Wei Wuxian is the title protagonist of the series. He is the founder of the Demonic Path (鬼道), earning him the title Yiling Laozu (夷陵老祖). He is intelligent, optimistic, mischievous but good-hearted. Talented and infamous, his unorthodox methods and unrestrained nature put him at odds with the rest of the cultivation world. Orphaned at a young age and taken in by his parents’ friend Jiang Fengmian, Wei Wuxian is raised in the Yunmeng Jiang Clan, where he becomes head disciple and grows up with Jiang Cheng and Jiang Yanli. During his education as a teenager, he travels to Gusu to study at Cloud Recesses and meets Lan Wangji, with whom he develops a tentative friendship, and later misunderstandings.
After the Qishan Wen Clan launches an aggressive campaign to subjugate all other cultivation clans, Wei Wuxian becomes a war hero through his use of demonic methods. Other clans covet and distrust his novel power; he further antagonizes them by protecting the survivors of the Wen Clan and dies an enemy of the cultivation world. Thirteen years later, he is reborn in the body of Mo Xuanyu and must unravel a murder mystery alongside his oldest friend, Lan Wangji.

Lan Zhan (蓝湛), courtesy name Wangji (忘机).
Voiced by: Wei Chao (Chinese drama cd), Bian Jiang (Chinese dub), Ryu Seung-gon (Korean dub), Satoshi Hino (Japanese drama cd), Shinnosuke Tachibana (Japanese dub)
Lan Wangji, titled Hanguang-Jun (含光君), is the second young master and one of the Twin Jades of the Gusu Lan Clan. Despite having an exquisite bearing and incomparable beauty, his strict and aloof nature makes him appear nonchalant and distant. He is renowned for his skill in battle and for his strong moral compass, known to be "where the chaos is" for aiding citizens without caring for fame or glory of Night Hunts. During his youth, he has various encounters with Wei Wuxian wherein they appear to have very little similarities in personalities and interests.

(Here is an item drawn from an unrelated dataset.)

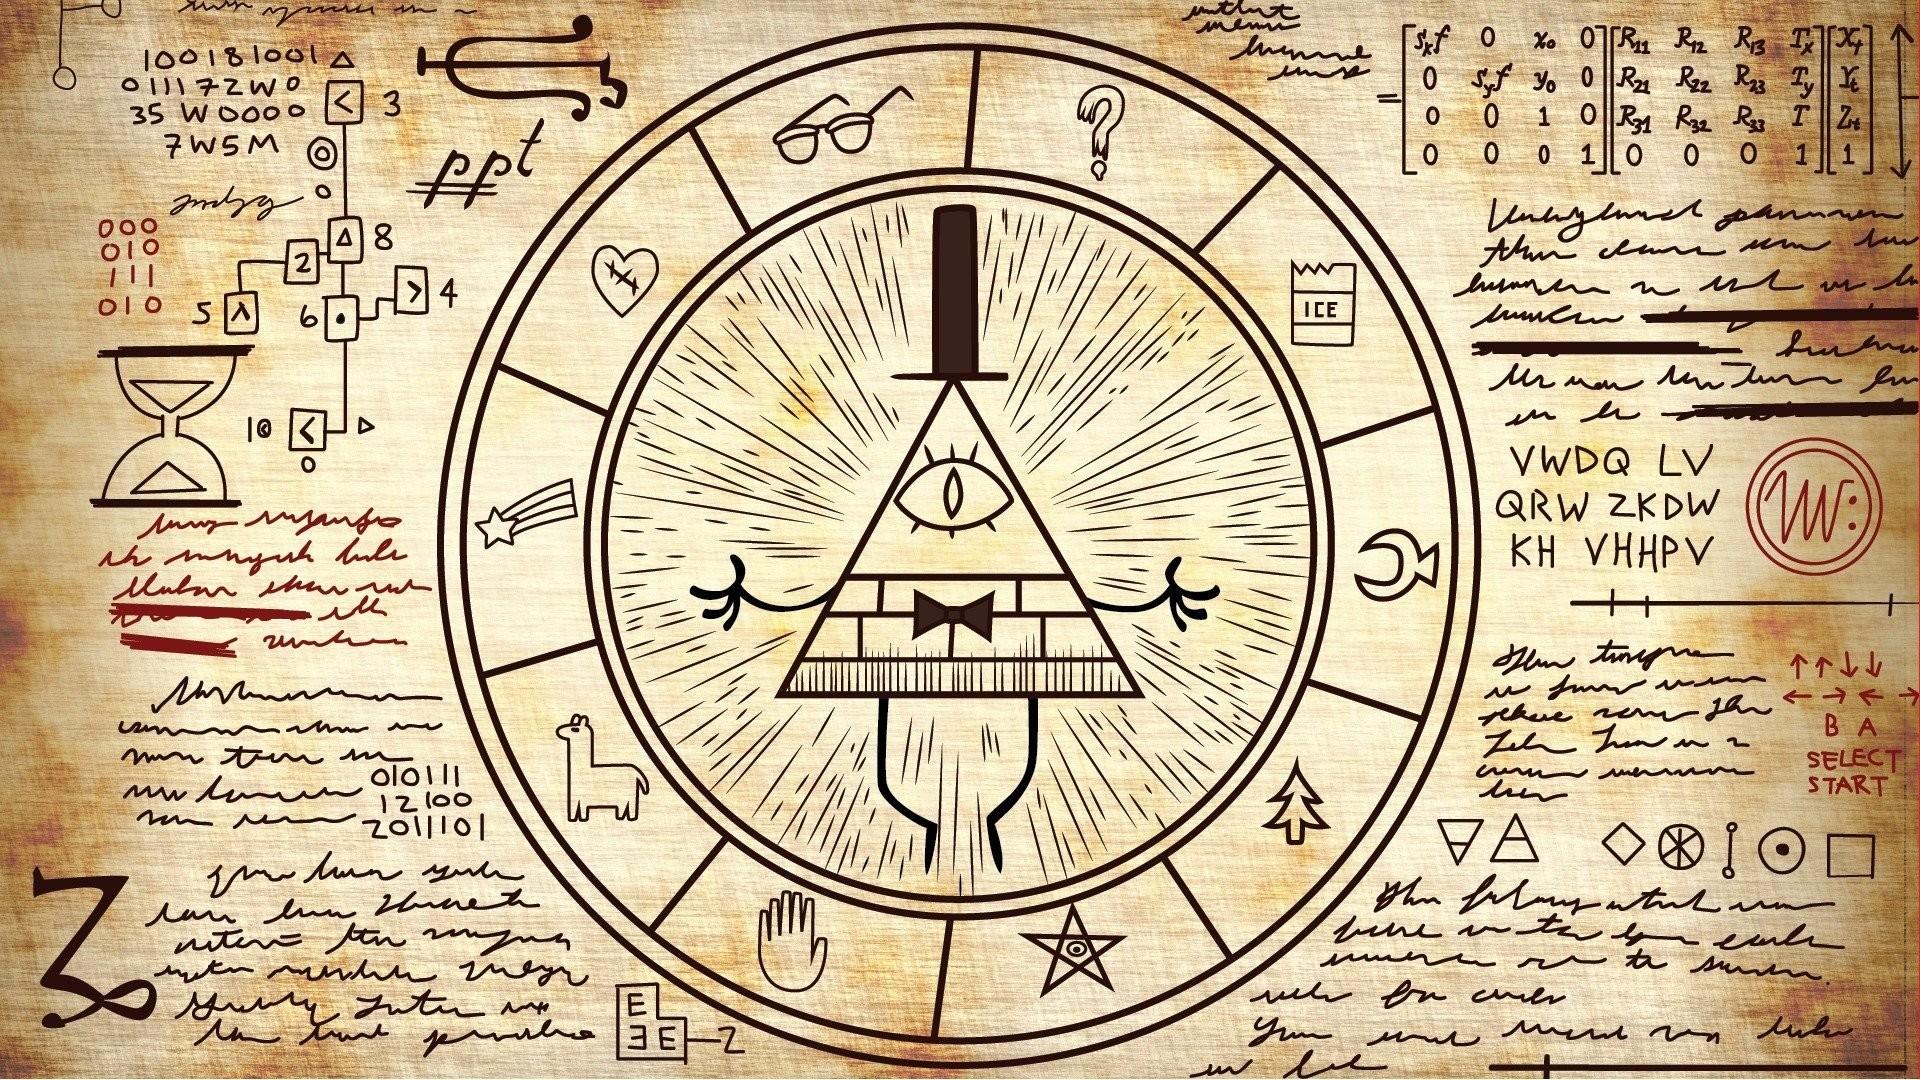 Gravity Falls Bill Cipher Wallpaper (80+ images)

At the beginning of the story, Lan Wangji is a teacher of Lan Clan disciples; he first appears at Mo Village when they are attacked by a mysterious demonic arm, and reunites with the resurrected Wei Wuxian whom he protects and grows closer to as they unravel the mystery.

===Gusu Lan Clan===
Lan Clan of Gusu (姑苏蓝氏) is a cultivation clan based in the Cloud Recesses (云深不知处), a residence on a remote mountain outside the city of Gusu. All disciples wear a white band across their foreheads. Additional embroidery of the clan emblem adorns the headbands of inner disciples, who are from the inner family.

Clan Motto: Upright; Righteous (雅正)

Clan Emblem: Rolling Clouds (卷云纹)

Lan Huan (蓝涣), courtesy name Xichen (曦臣).
Voiced by: Wang Kai (Chinese drama cd), Jin Xian (Chinese dub), Kim Young-sun (Korean dub), Morikawa Toshiyuki (Japanese dub, drama cd)

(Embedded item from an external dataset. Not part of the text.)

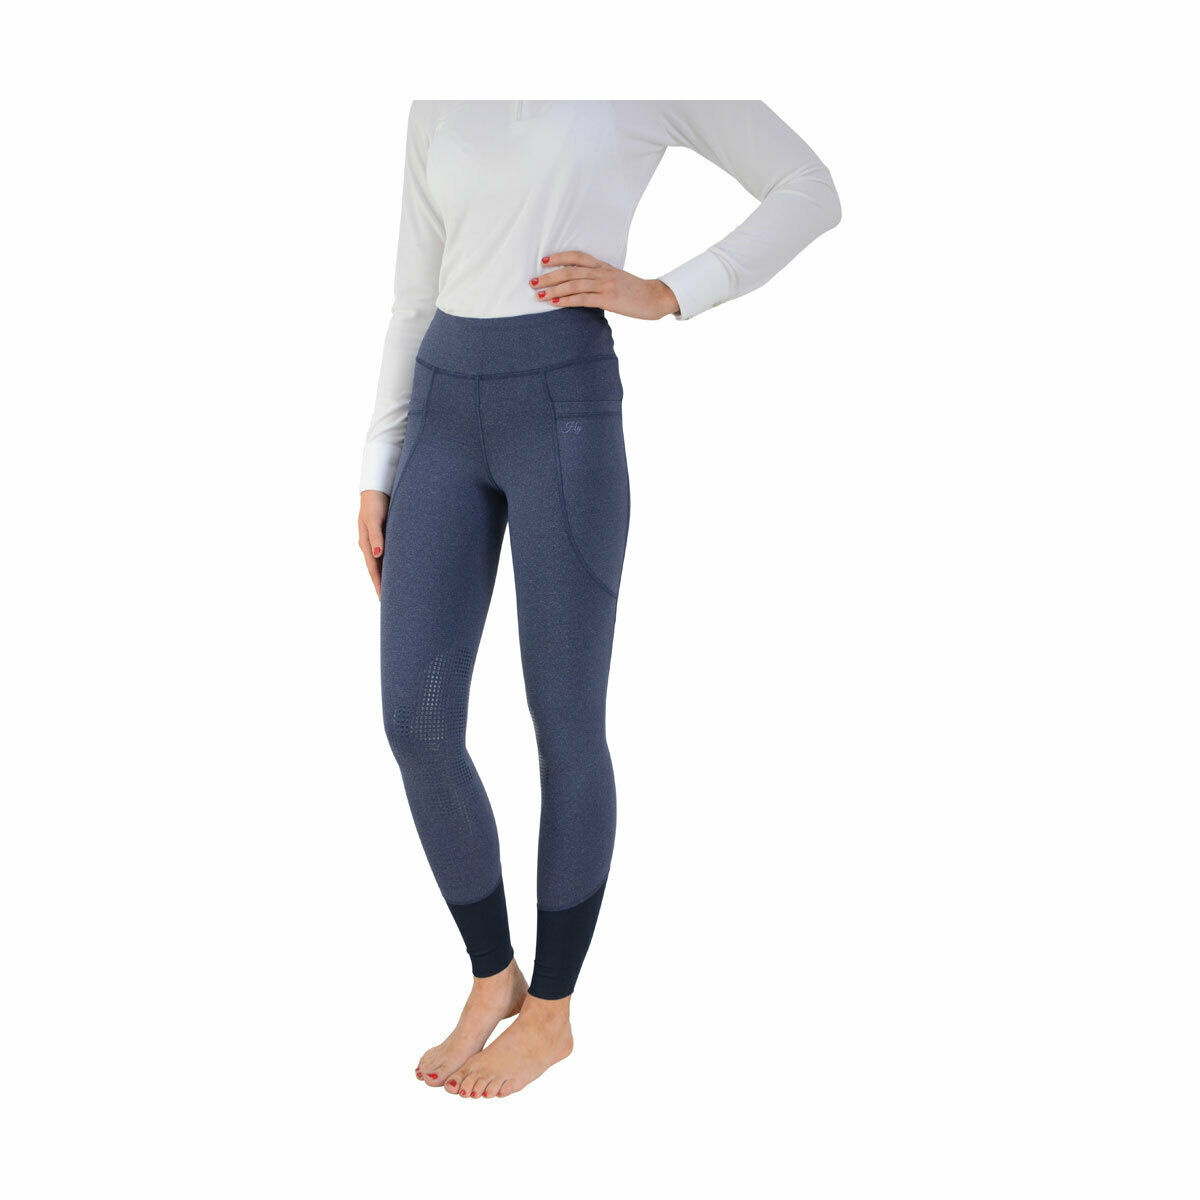 HY Performance Donna Cartmel Riding Skins Leggings Collant Blu Melange XSXL

Lan Xichen is the leader of the Lan Clan. Titled Zewu-Jun (泽芜君), he is one of the Three Zun (三尊) alongside his sworn brothers Nie Mingjue and Jin Guangyao, the latter of with whom he shares an especially close relationship. He has a warm and trusting personality.

Lan Qiren (蓝启仁)
Voiced by: Song Ming (Chinese drama cd), Liu Cong (Chinese dub), Lee Chang-min (Korean dub), Shingaki Tarusuke (Japanese drama cd), Sakamaki Mitsuhiro (Japanese dub)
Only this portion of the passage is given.